= WHAT YOU SHOULD DO =
Your task is to output the listing word for word, with pictures excluded.

= PROVIDED DATA =
--*--

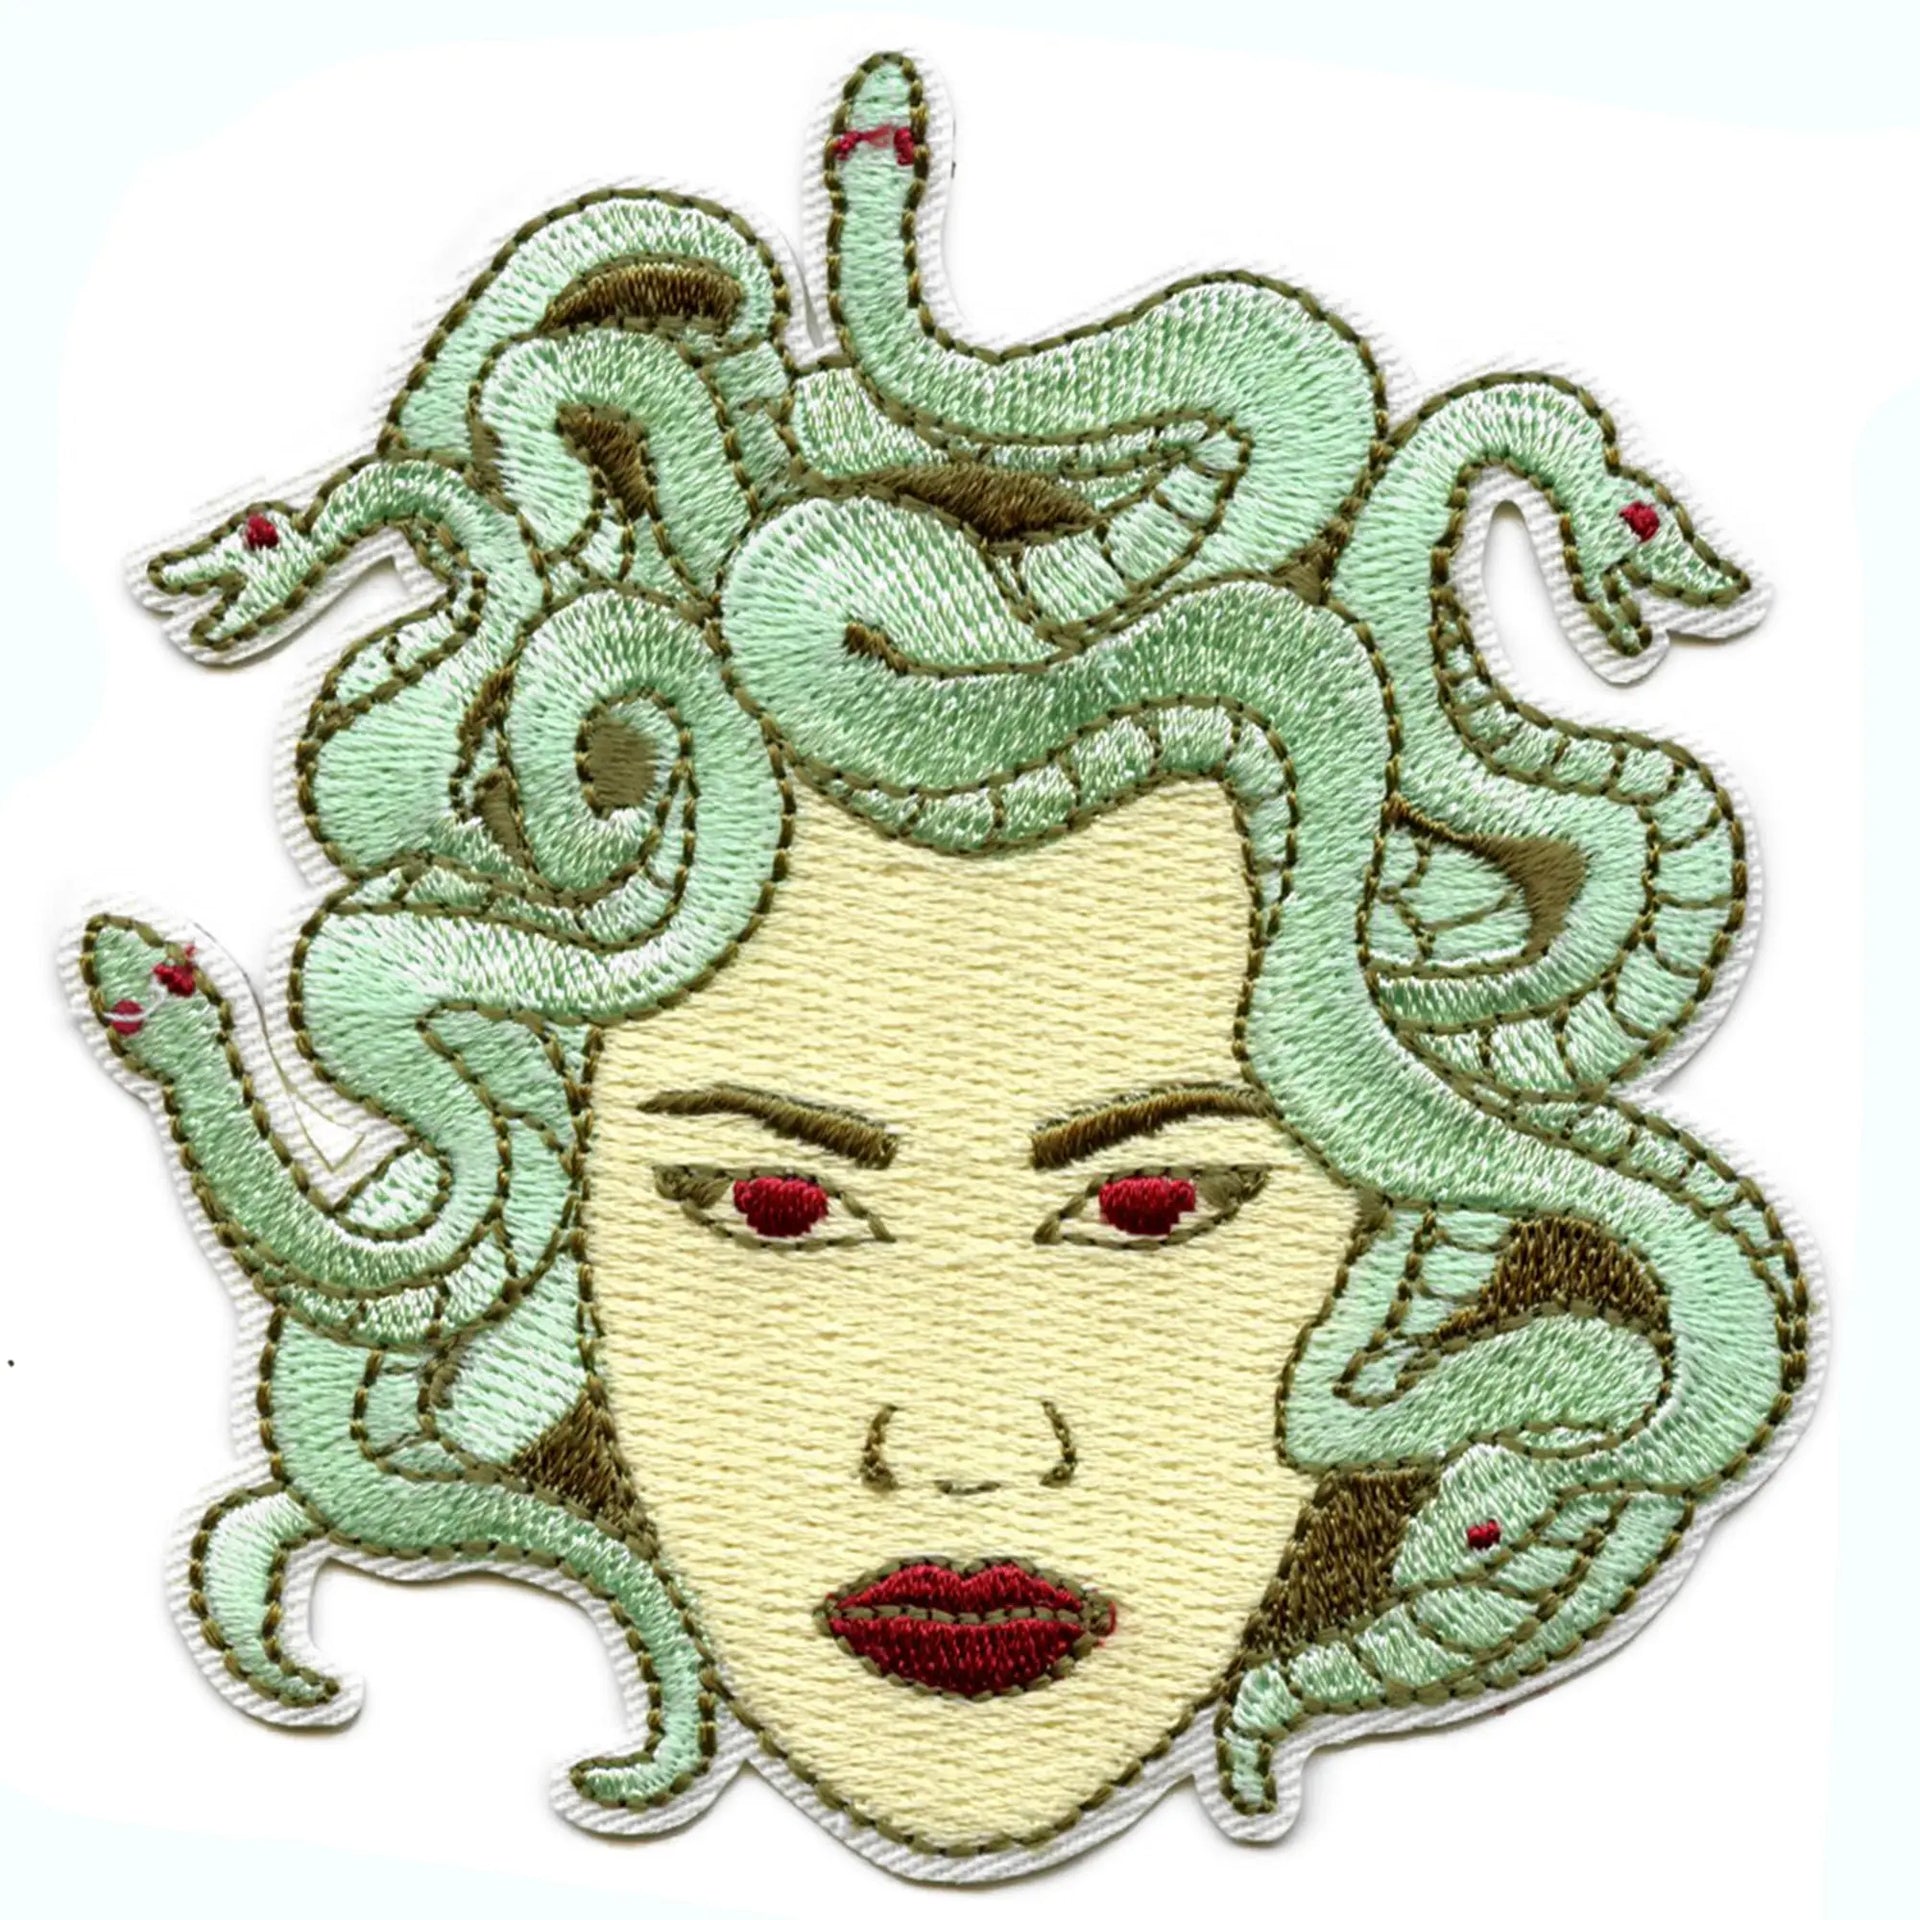 Medusa Snakes Mythology 5 Embroidered Patch DIY Iron or Sew-on Decorative  Vacation Travel Souvenir Applique
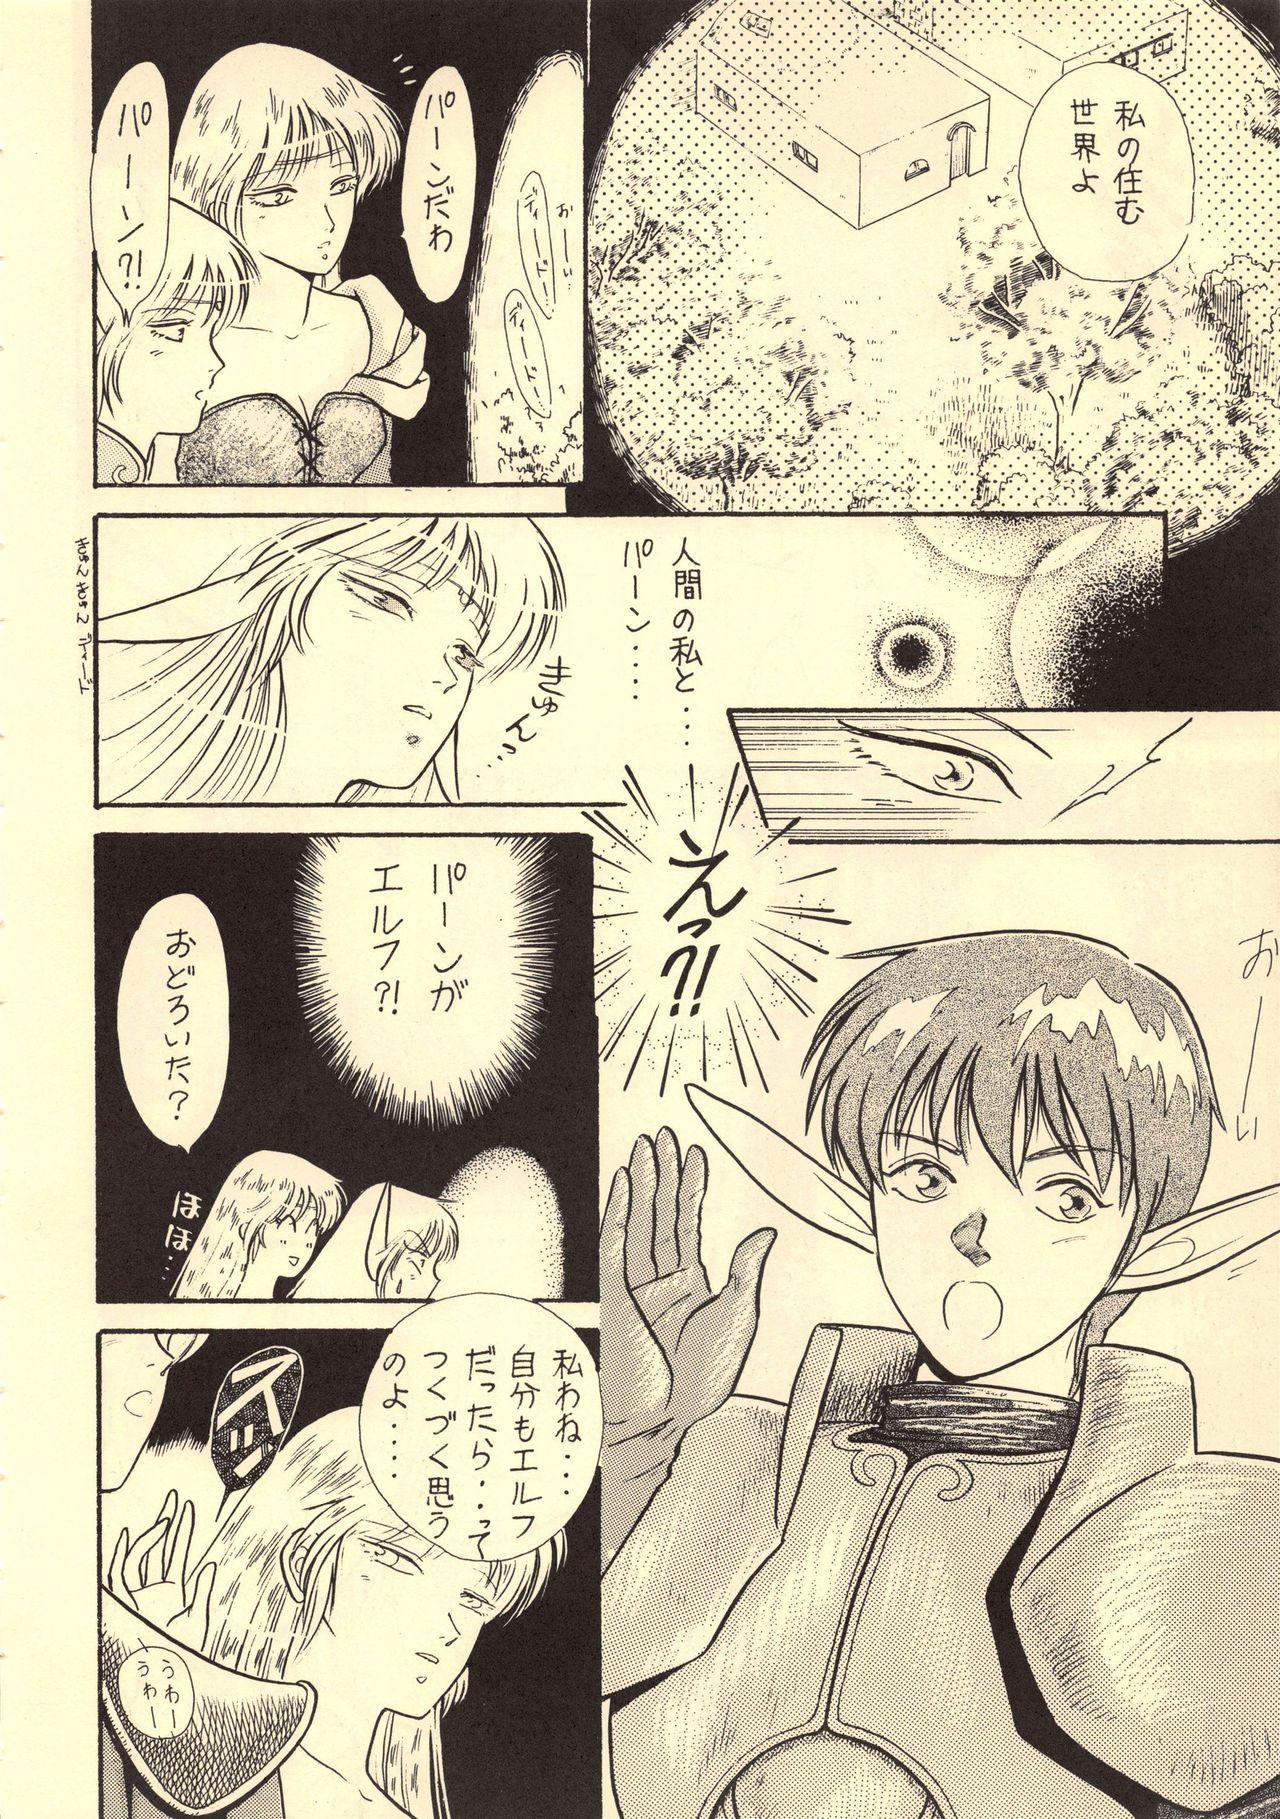 Suck Cock Elf no Musume Kaiteiban - Die Elfische Tochter revised edition - Record of lodoss war Mulher - Page 10
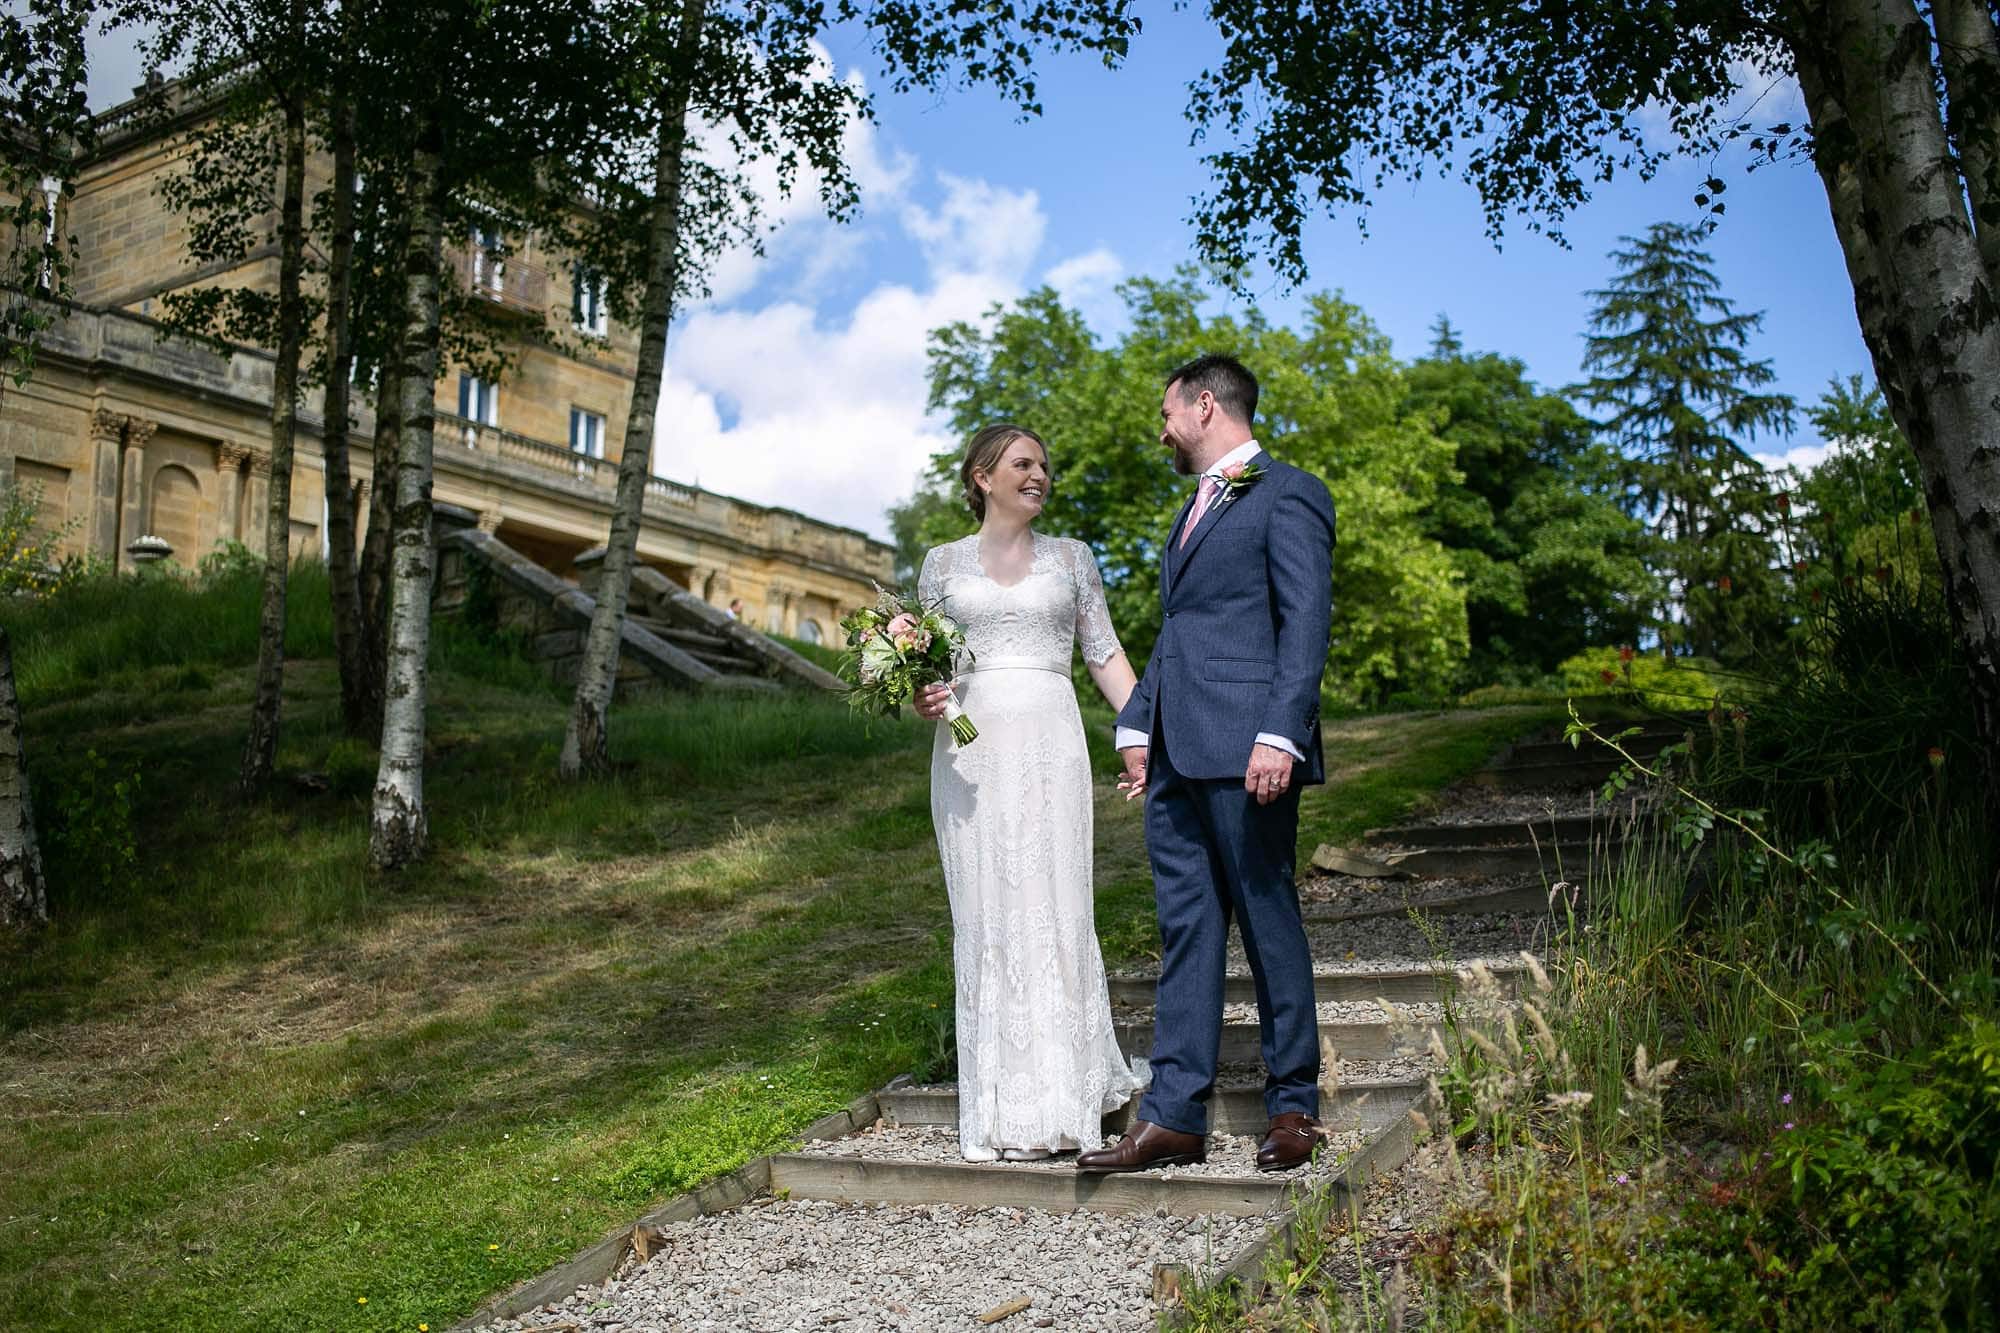 Newly Weds Christy and Oli walking down a path outside salomons estate

--*--

= RESPONSE TO THIS EXERCISE =
 Medusa Snakes Mythology 5 Embroidered Patch DIY Iron or Sew-on Decorative  Vacation Travel Souvenir Applique
 Suck Cock Elf no Musume Kaiteiban - Die Elfische Tochter revised edition - Record of lodoss war Mulher - Page 10
 Newly Weds Christy and Oli walking down a path outside salomons estate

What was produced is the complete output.